How much money has your organisation invested in storage systems and processes over the last decade? Chances are you have spent many millions of pounds storing information that needs to be kept safe for legal, financial and regulatory reasons.

But how long will you be able to access that information? If your storage systems became obsolete, would the information be lost? Will the technology exist to access your archives in 10, 50 or even 100 years' time?

The idea that archives could be lost through technical obsolescence is a phenomenon that the Storage Networking Industry Association (SNIA) refers to as the "digital dark age".

It is certainly a real enough concern for many IT managers. A survey conducted by SNIA earlier this year found that 60% of IT leaders were concerned that their archived data would not be accessible in 50 years time. That might not seem like a big deal - but 68% of the same IT managers said their company archived information that would need to be retained for as long as 100 years.

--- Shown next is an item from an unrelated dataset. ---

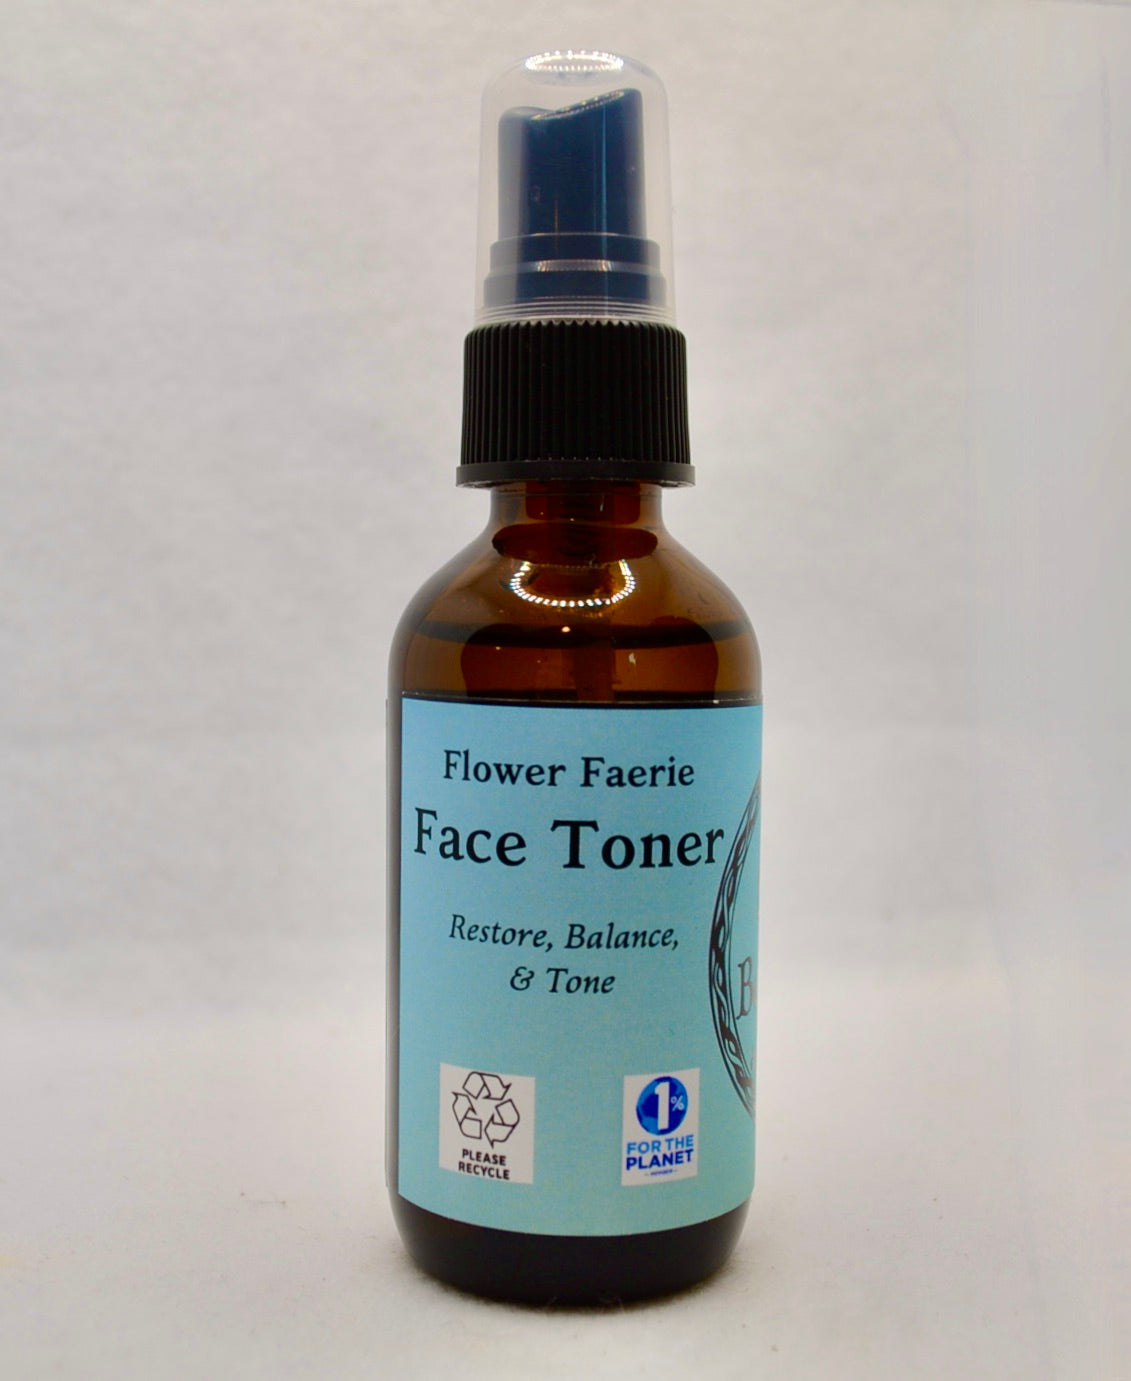 Face Toner: Flower Faerie

Long-term archiving is increasingly hitting the IT manager's agenda, says Jay Mastag, vice-president of development and general manager with storage supplier EMC. The company has seen demand for long-term archiving systems grow by 60% in the last year, but many organisations buying systems seriously doubt their longevity. "We are seeing this become a real concern for managers. What do they buy, how confident are they that suppliers and technologies can last the distance?"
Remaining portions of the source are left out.